Yes a quarter pint. When it rises to the surface after cooking, spoon it off and use again, like the BIR's do. I have cooked this for over 25 years and the generous use of the oil is the key. It never is the same without it. Incidentally one of the criticisms was too tomatoey and I cooked three this week with half the amount of tinned tomatoes and would say it improves the taste.

2
Trainee Chefs / Beginners Questions / Re: Mustard seeds
« on: May 14, 2011, 02:47 PM »
I was told by my Sri Lankan cookery tutor that black mustard seeds are used. They are heated in very hot oil till they pop which releases a nutty flavour as opposed to any discernable heat

3
Bhuna / Re: Takeaway Bhuna Recipe
« on: October 15, 2010, 11:33 PM »
Sorry you didn't enjoy it my friend. Of course adding stuff could help, for example mixing the spices into a paste with juices from the meat or seafood.

The tomato content can seem high, perhaps passata instead of chopped tomatoes may help but I simply can't do wrong round our house when I concoct this for the missus and her pals... which perhaps asks another question; given womens' love of tomatoes and garlic is this the ideal womens' curry?

Today alone (Friday 15th October 2010) I have had five women beg me for the recipe and of course I obliged.

4
Bhuna / Re: Takeaway Bhuna Recipe
« on: October 05, 2010, 05:04 PM »
Well the memory fades after 25 plus years so it may well have been a home version I was given but all I would say is it was the same stuff they sold me at the time, as befitting a bhuna in those days very dry and to tell the truth I felt it more resembled Rogan Josh.
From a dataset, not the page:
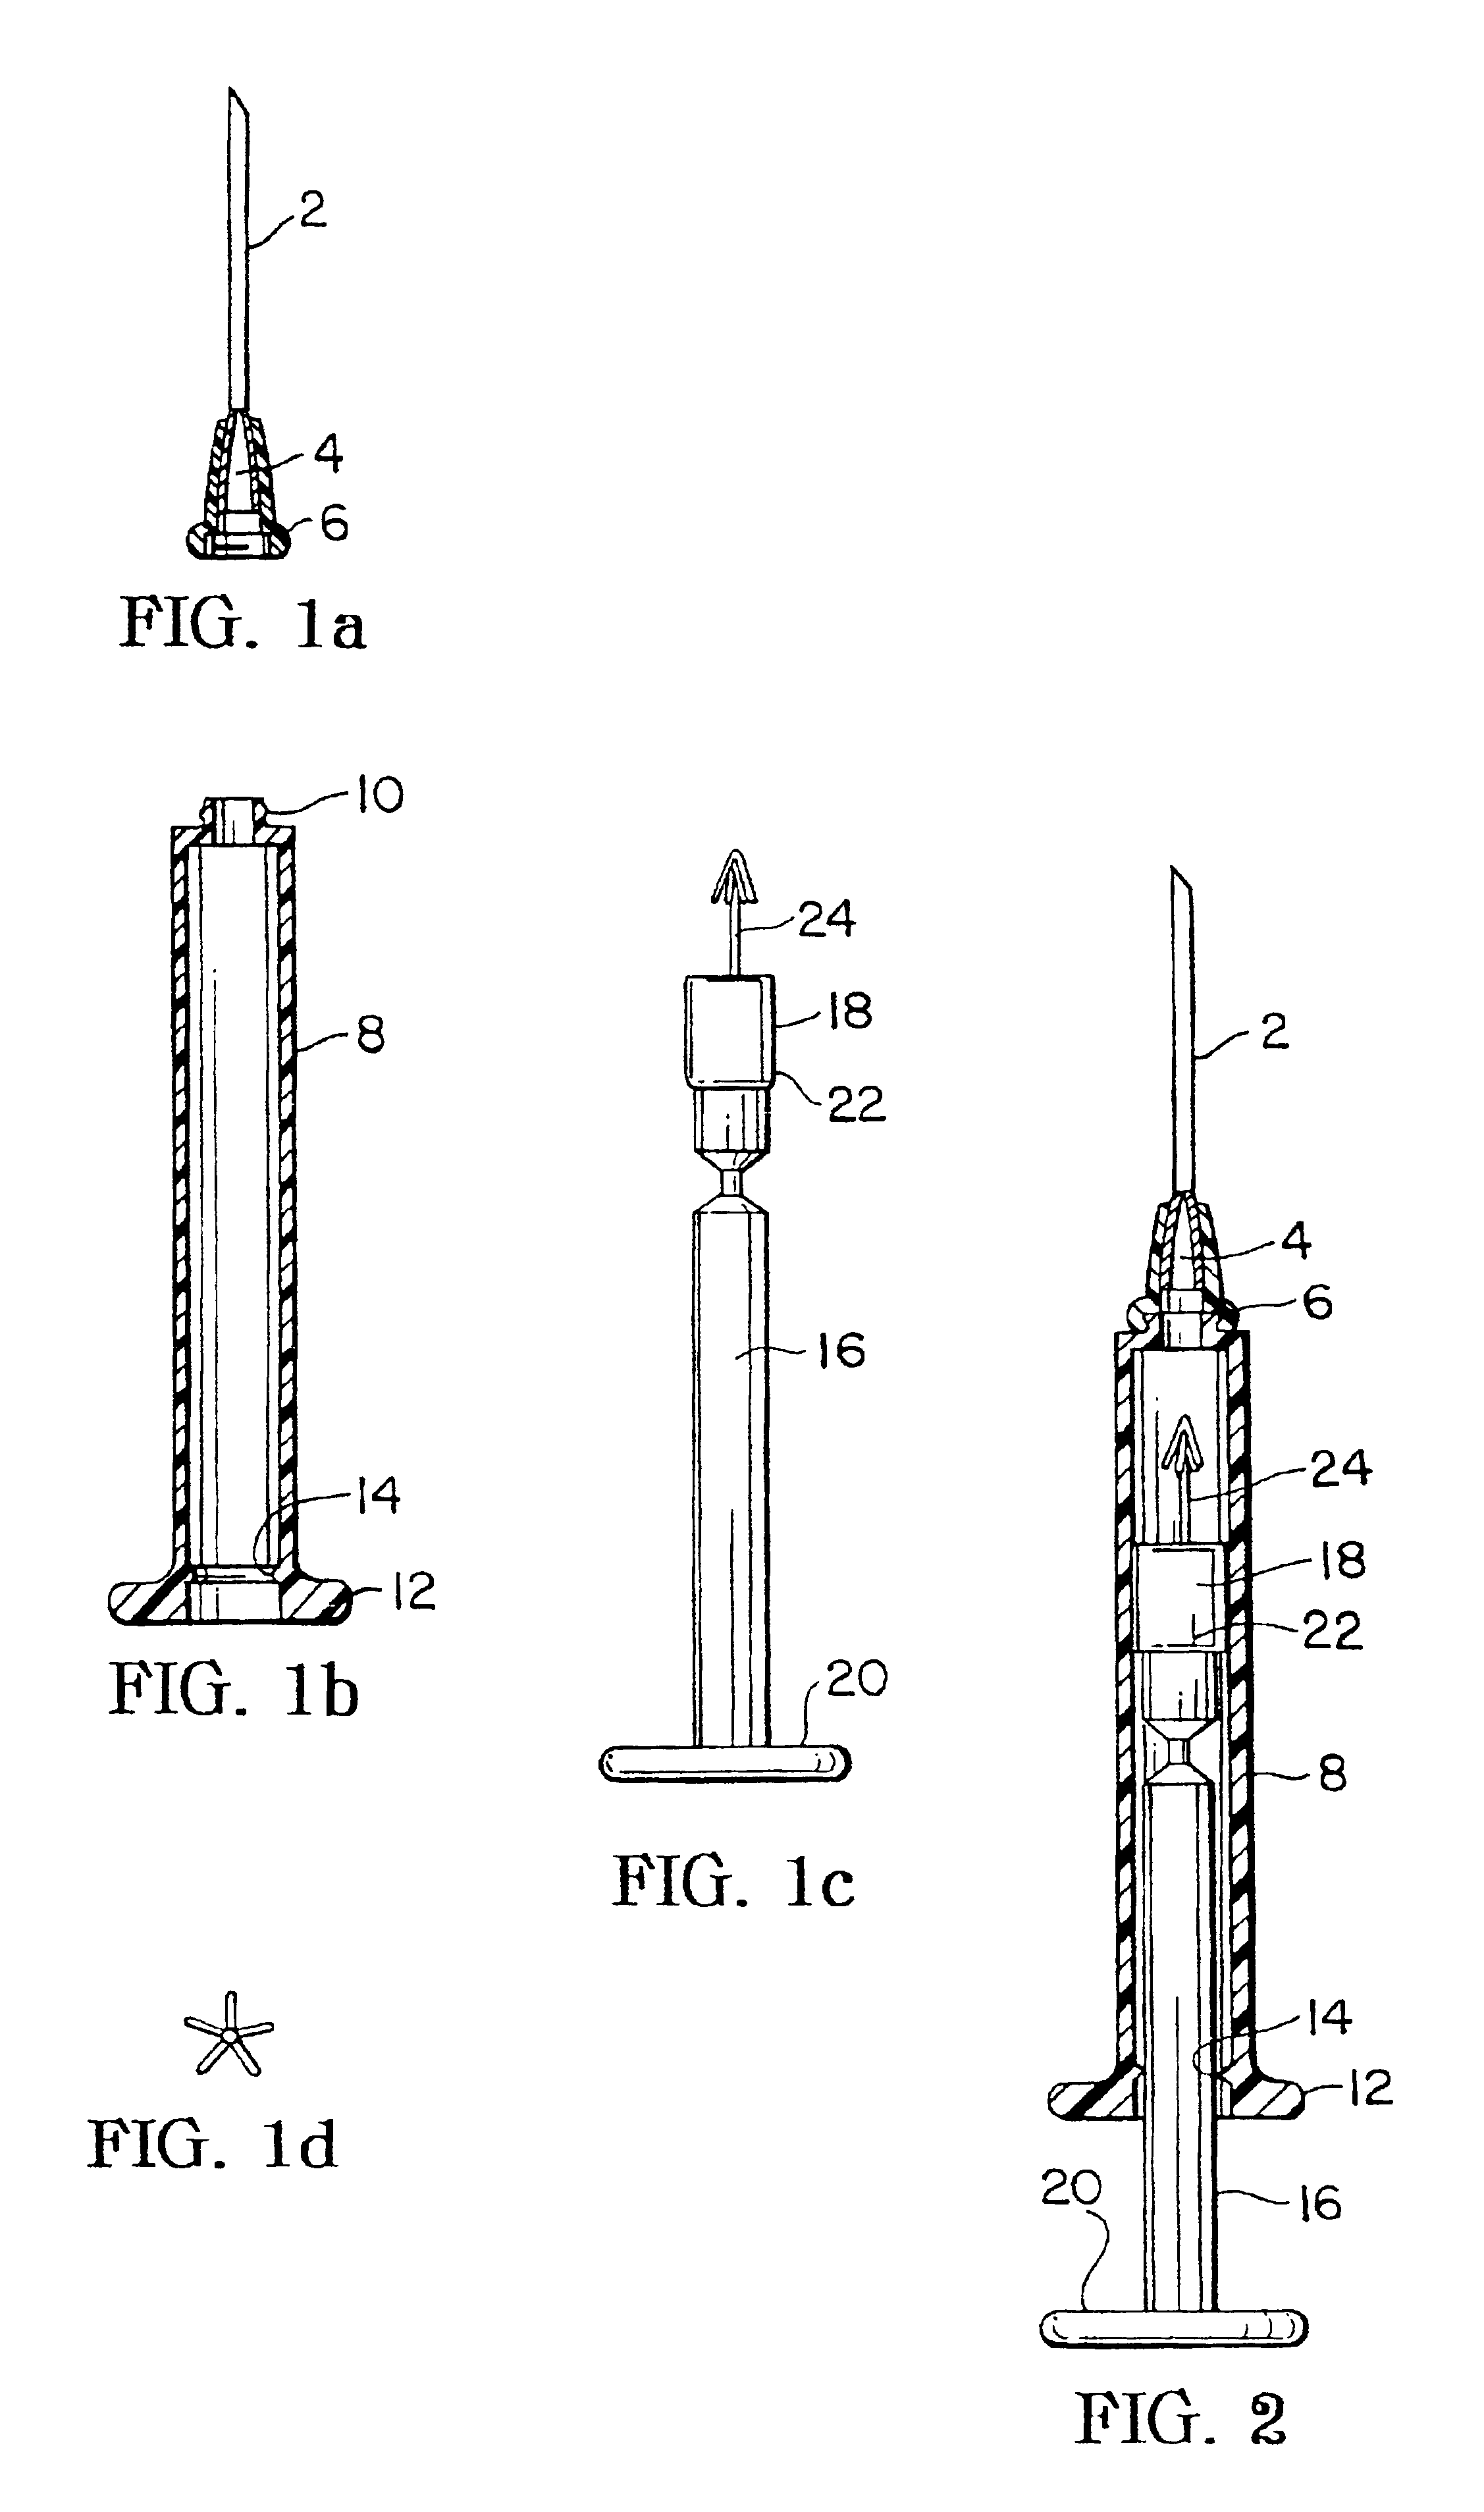 Safety syringe needle device with interchangeable and retractable needle platform

I fished out the original recipe actually and the garlic quota given was even higher (7). I must have adapted it to suit at the time!Regarding the spice paste, it was precisely that, 5 teaspoons of the relevant ground spices mixed with a little water and then fried in the oil. I have tried this with mixed seafood (lobster, scallops etc) and it's a winner every time.

Serves 2-3 by the way. Don't let the lack of a curry base put you off!

5
Bhuna / Takeaway Bhuna Recipe
« on: October 03, 2010, 11:41 PM »
Hi, new to the site and loving it all. This is a recipe  I obtained 25 years ago from my local takeaway and it never fails. The methods and one particular ingredient aren't what I have seen elsewhere so please give it a try. My missus loves this and I swear I can cook it with my eyes closed!

Bhuna

Ingredients:

A quarter pint of oil
Cooked ingredient of choice, chicken or whatever or raw prawns
1 teaspoon each of Cumin, Coriander, Cayenne, Turmeric, Garam Masala. Mixed into a stiff paste with a little water
1 heaped tablespoon tomato puree
5 cloves garlic chopped and mashed into a paste
1 chopped green pepper
1 large onion, halved top to bottom then sliced into thin segments
2 chopped fresh tomatoes
1 tin chopped tomatoes
1 teaspoon salt
1 handful of methi leaves
1  teaspoon Rose Water
Fresh coriander to garnish

Instructions:

In a Wok or Karai heat oil over medium heat  then fry tomato puree and garlic puree for 2-3 mins till oil colours but take care not to brown garlic. Add onions and chopped green pepper and fry till softened, stirring all the time.

Add spice paste and fry 2 mins then add fresh tomatoes and fry 2 more mins.

Add chopped tinned tomatoes and 1 teaspoon salt and fry 3-4 mins, stirring all the time.

Add cooked meat or prawns and fry one minute.

Place methi leaves in one palm and rub together with other to bruise, then add to dish.

Add 1  teaspoon Rose Water and continue to fry till sauce thickens .

Finally add chopped fresh coriander leaves and serve.

Hope you enjoy this, the sauce is garlicky and to die for!